Paramus board clears way for demolition of historic Zabriskie house

PARAMUS – A 250-year-old borough house listed on local, state and national historic registries will be demolished to make way for a pair of luxury residences, the borough Planning Board determined Thursday.

The board voted unanimously to approve Paramus-based developer Quattro 4’s proposal to tear down the Zabriskie tenant house on Dunkerhook Road and subdivide the property. The vote followed months of opposition from historians, preservationists and a family who said they could trace their ancestors to the freed slaves who were among the house’s original occupants.

“I’m a student of history, and I like history,” Planning Board Chairman Gary Pucci said. “I may not like the fact that this house is going to be demolished, but legally there’s nothing we can do about it.”

The decision ended a frantic effort by opponents to find a buyer to make a competing offer, with the understanding that the house would be used as a residence and its historical features restored.

The Zabriskie Tenant House

The decision also came despite a last-minute offer from a Passaic Valley non-profit group, the Passaic River Coalition, to help find money to preserve the house and negotiate an alternative to demolition that a representative said could please everyone involved.

“The demolition of Dunkerhook’s Zabriskie house would be an absolute travesty and an egregious mistake for Paramus, Bergen County, New Jersey and America,” said Laurie Howard, a Passaic River Coalition board member.

Howard implored the board to postpone its decision, saying her group had learned about the house’s eminent demolition from an article published in The Record on Sunday.

She said her group has experience helping municipalities come up with money to preserve historical sites throughout the state and could do the same for the Zabriskie house if given adequate time. She added that her group had contacted state legislators about the issue.

Quattro 4’s representatives described the house throughout the hearings as an eyesore whose historical value had been irrevocably compromised by decades of neglect and renovations that had all but obliterated its original features.

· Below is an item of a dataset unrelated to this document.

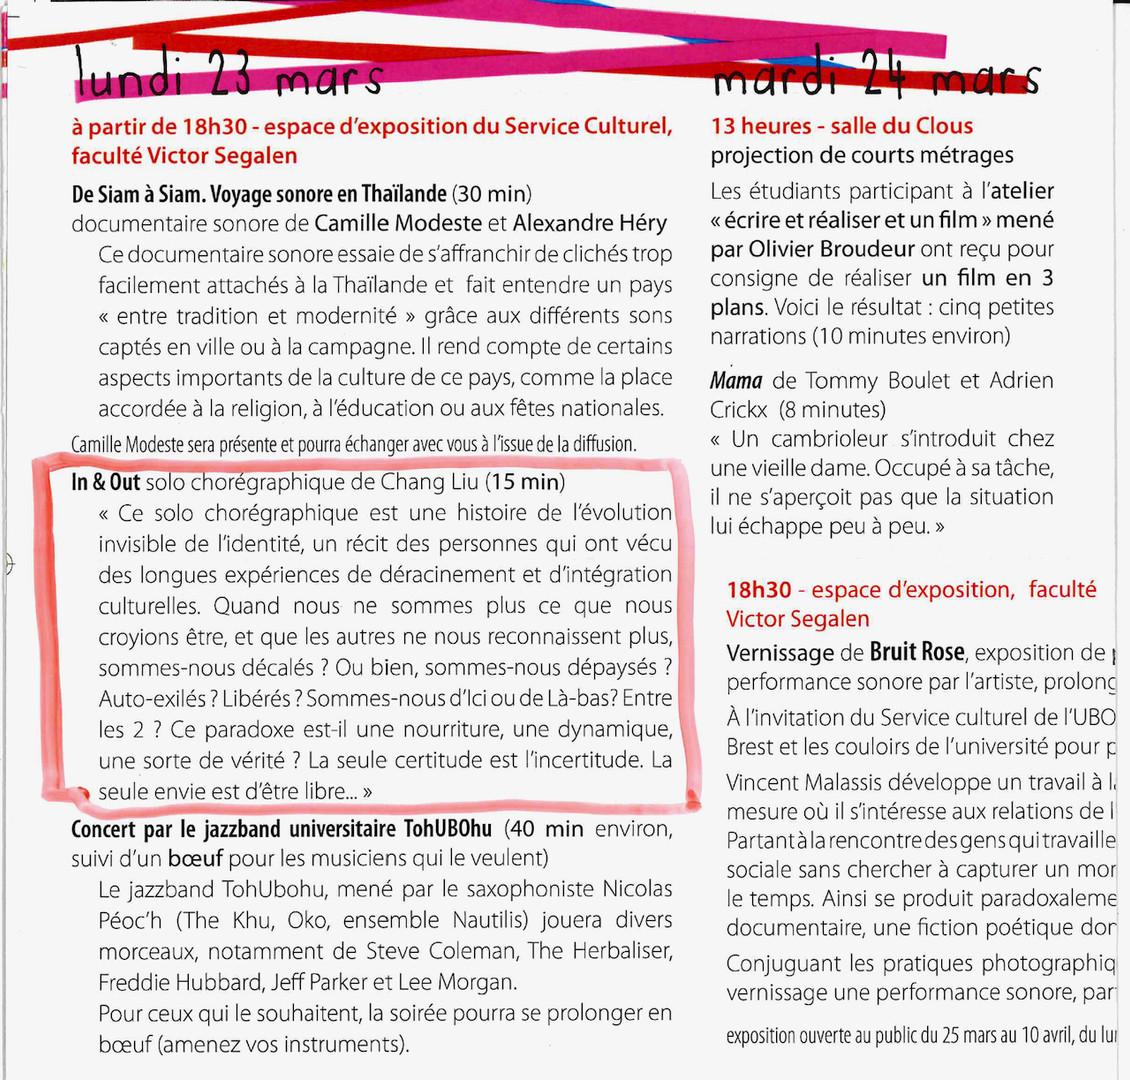 In & Out UBO ROI   LIV CHANG - peinture et danse

Attorney Mark Sokolich, who represented the developers, also said the elderly owner, Margaret Horton, saw his clients’ offer as the only way she could afford to remain in the assisted-living complex where she has lived for the past two and a half years. Sokolich, who is also the mayor of Fort Lee, added that his clients had given the borough and opponents of the proposal ample time to come up with alternatives since the project was first proposed over a year ago.

“This wasn’t a rush to judgment,” he said.

Sokolich has declined to say how much the developers paid for the property.

The two-story stone and clapboard Zabriskie house was built by the wealthy Zabriskie family, and was used later as tenant housing for African-American farmers. It was willed to two longtime family employees by a Zabriskie descendant in 1892, according to Bergen County Historical Society records.

The house is listed on the Bergen County Historic Sites Survey and the National Register of Historic Places for its Dutch sandstone structure and its connection to a settlement of freed slaves in the area. Those registries do not prohibit private owners from changing or demolishing historical structures.

It is also one of 22 properties listed in the borough’s historical preservation ordinance, which requires a six-month review period before a structure can be demolished but does not provide the borough any other legal authority to deny such a proposal, borough representatives have said.

The developers plan to split the 48,000-square-foot property to make way for residential construction similar to three large stone and stucco houses they built across the street.

Anthony Pucciarelli, a Quattro 4 partner, said his group will move forward with the demolition as soon as a required 45-day grace period after the Planning Board decision expires.

Opponents said they would explore their options to appeal.

“It’s not over until the bulldozers come,” said Peggy Norris, a Ridgewood historian who spearheaded the opposition.